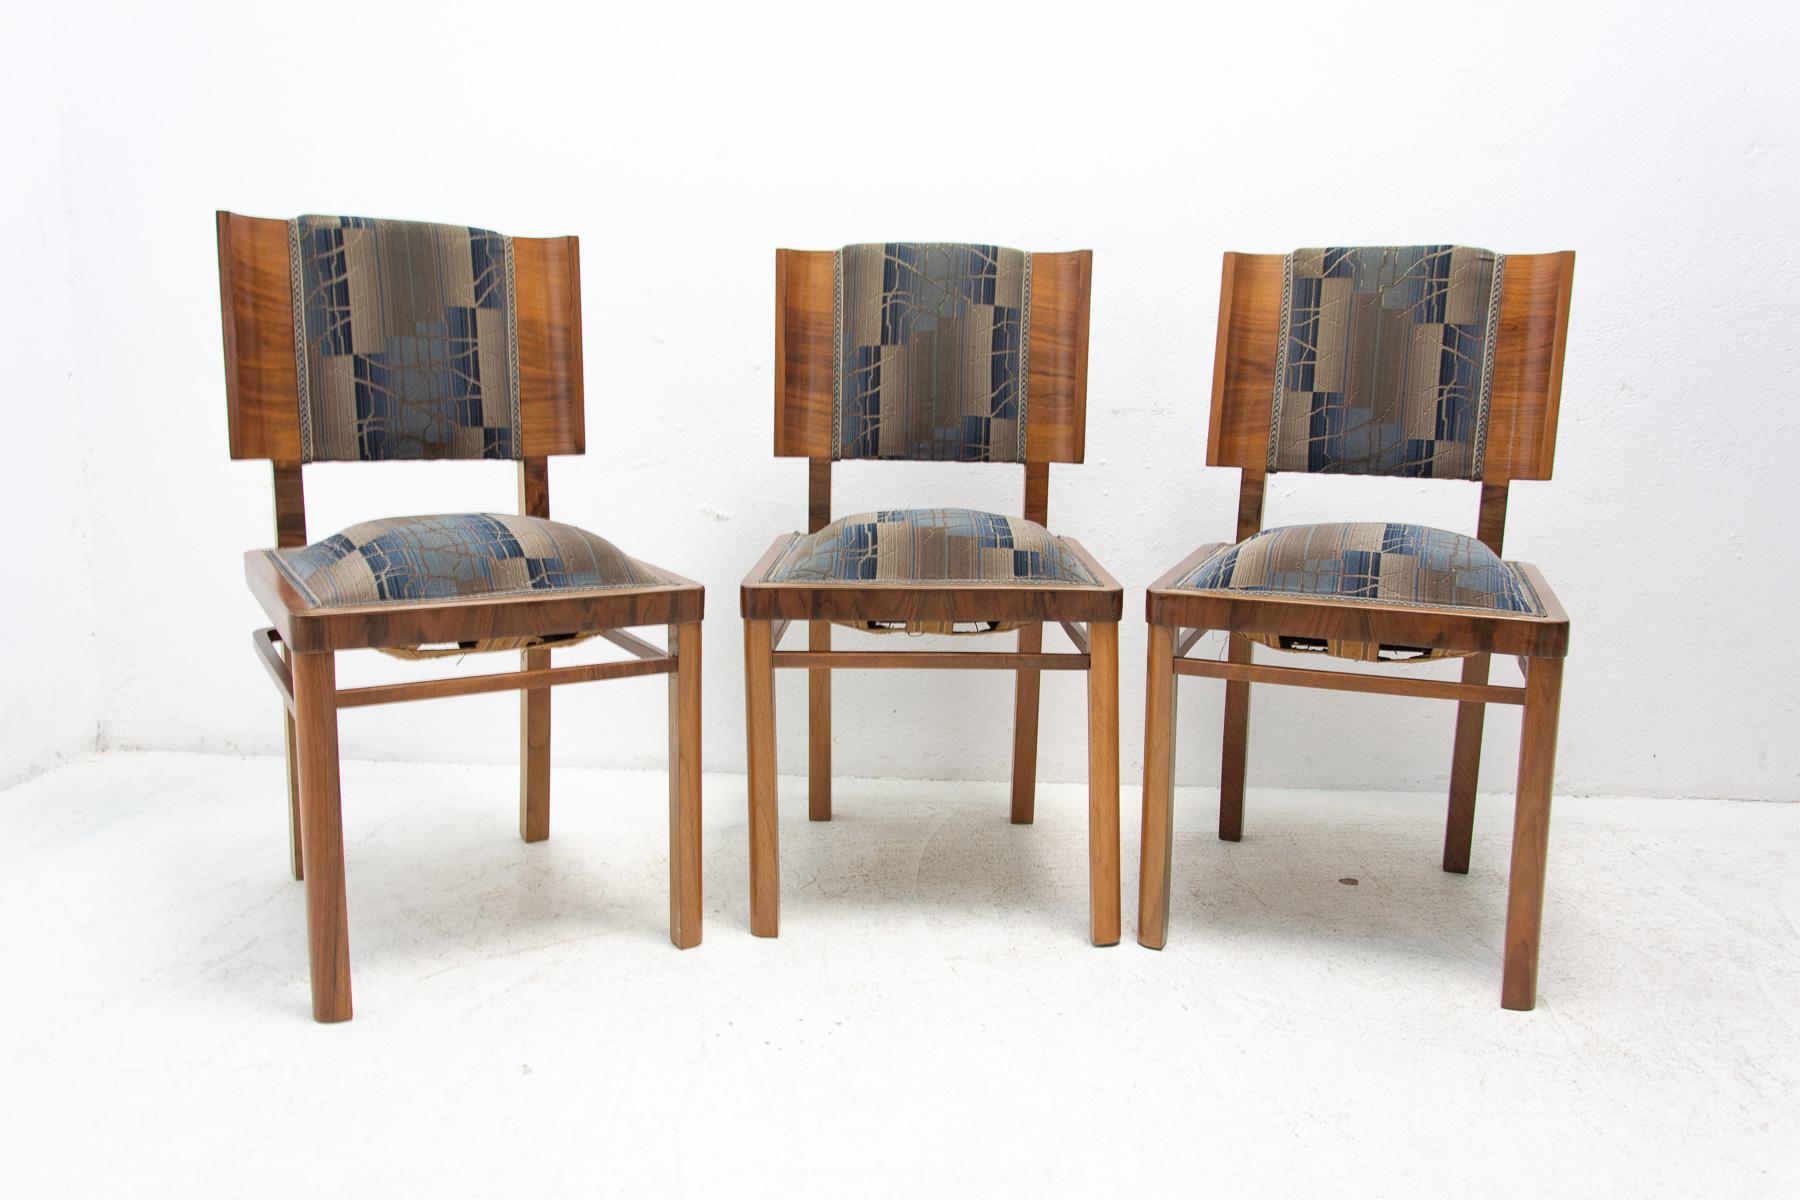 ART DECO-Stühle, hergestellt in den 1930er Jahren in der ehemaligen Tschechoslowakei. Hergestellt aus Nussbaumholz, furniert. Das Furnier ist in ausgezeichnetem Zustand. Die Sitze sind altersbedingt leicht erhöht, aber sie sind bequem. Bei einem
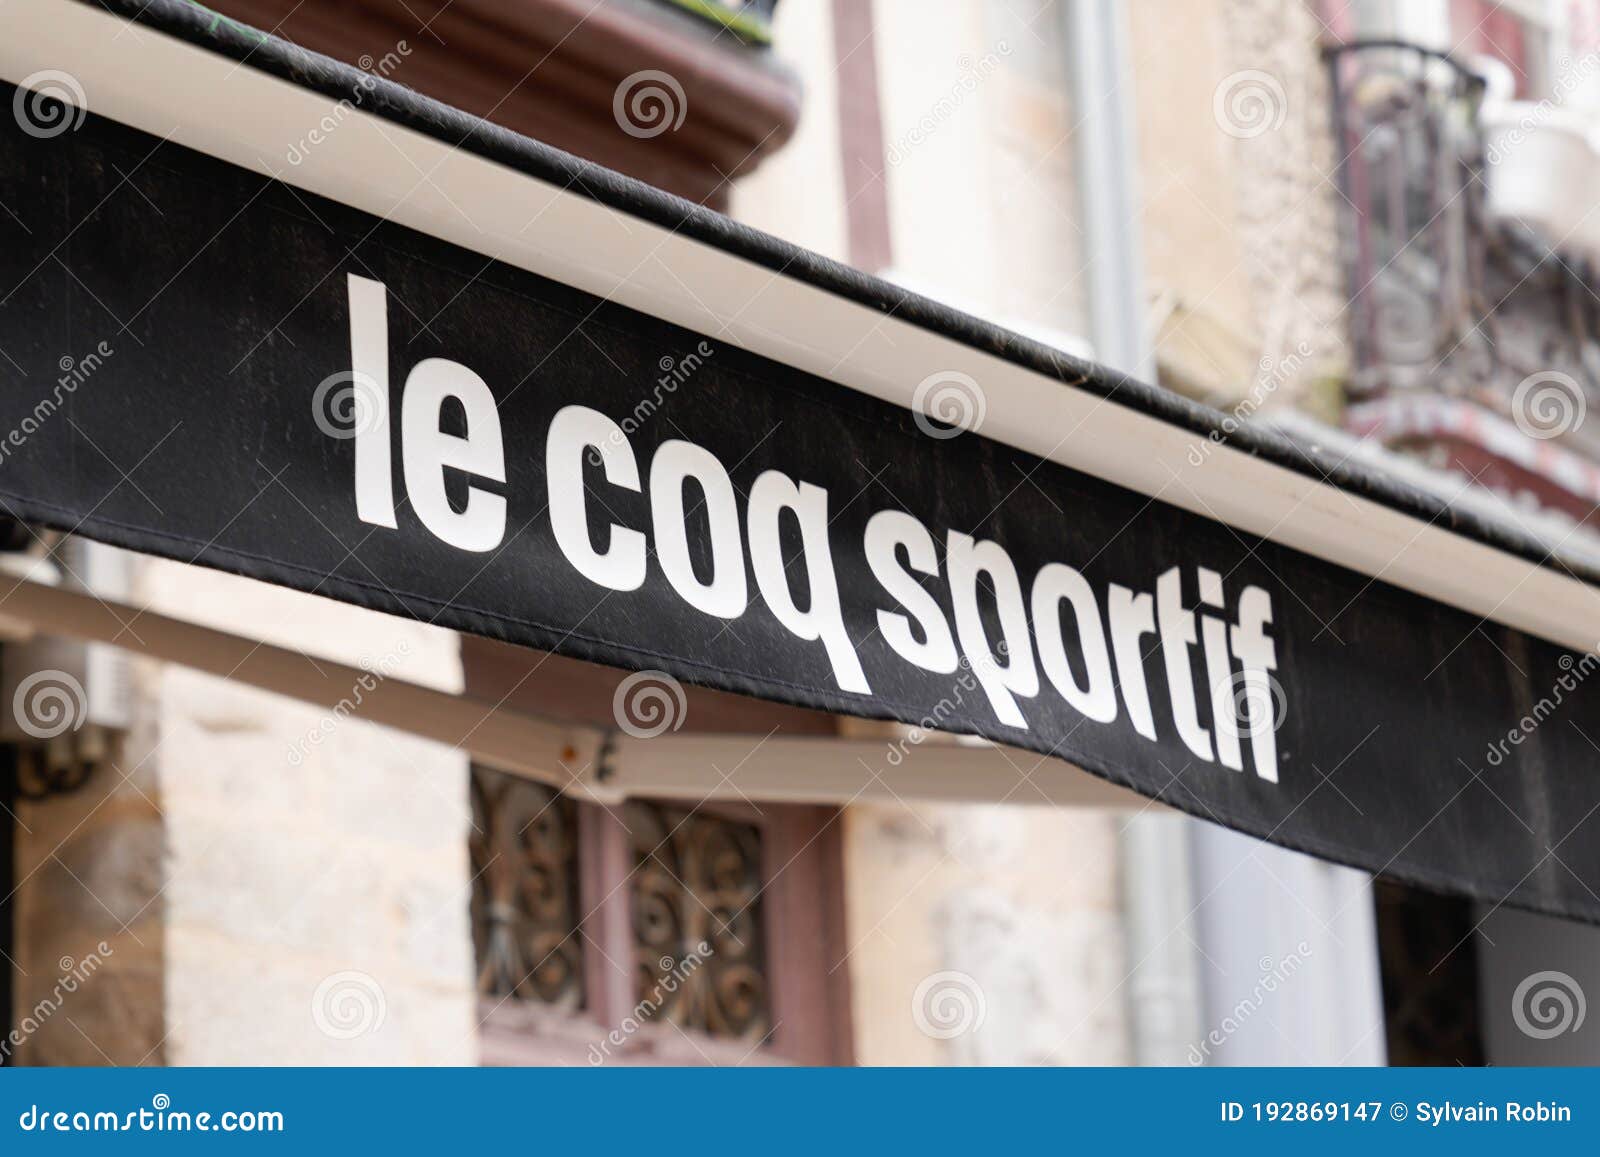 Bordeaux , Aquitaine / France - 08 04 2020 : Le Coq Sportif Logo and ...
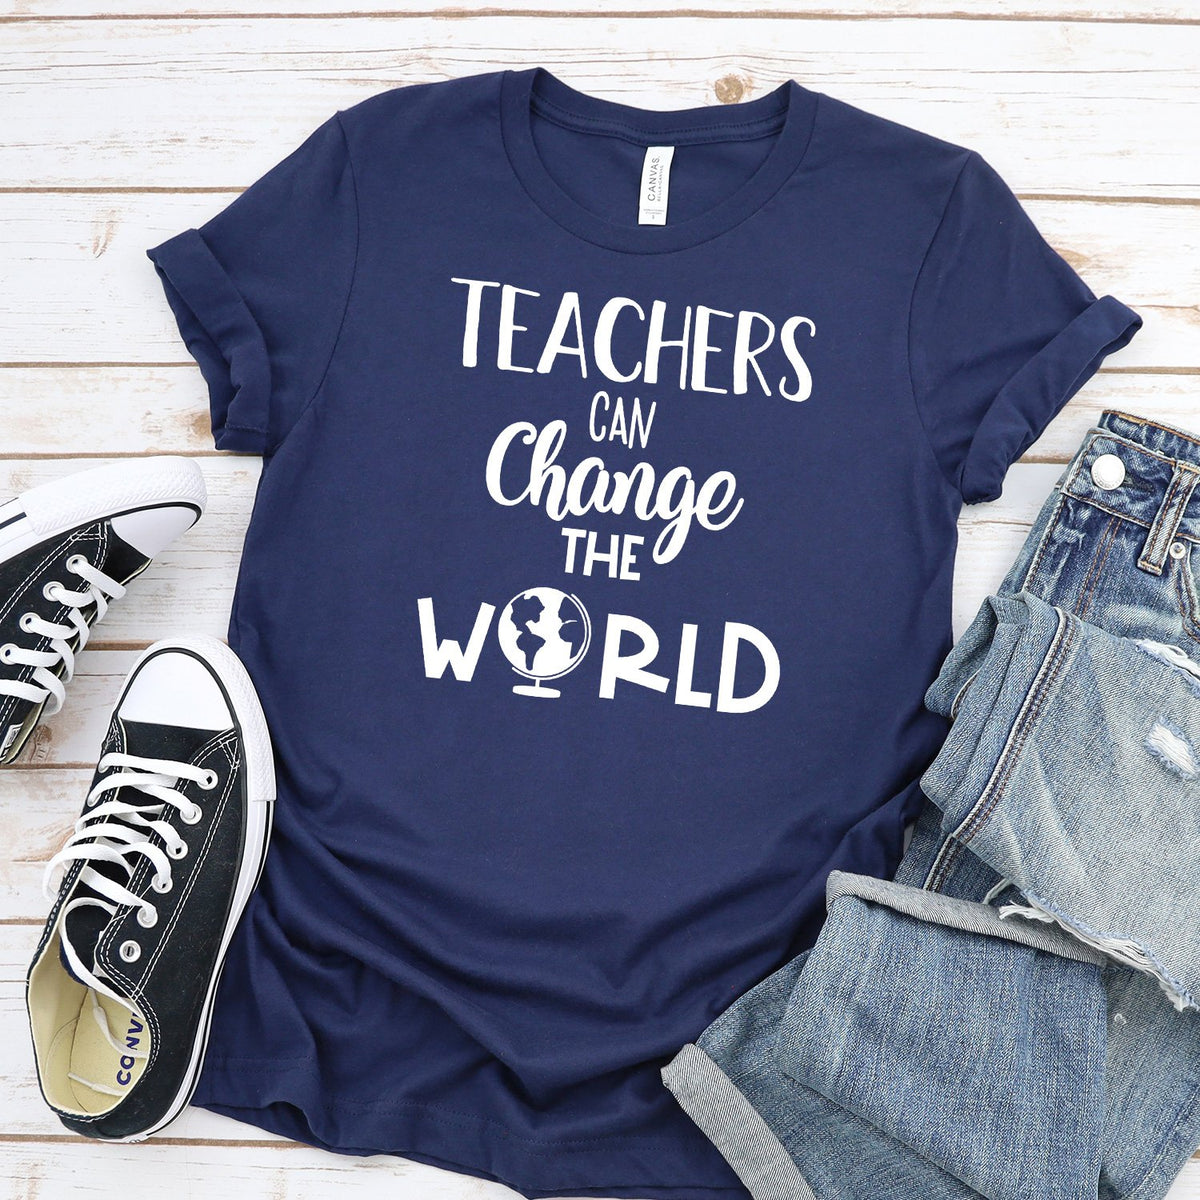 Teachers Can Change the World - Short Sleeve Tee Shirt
########################################
> **Task directions**
Restrict the output to the lines from the one with "Bordeaux , Aquitaine" through the last line of the material above. Print them exactly, leaving out every picture.

> **Exercise result**
 Bordeaux , Aquitaine / France - 08 04 2020 : Le Coq Sportif Logo and ...
 Teachers Can Change the World - Short Sleeve Tee Shirt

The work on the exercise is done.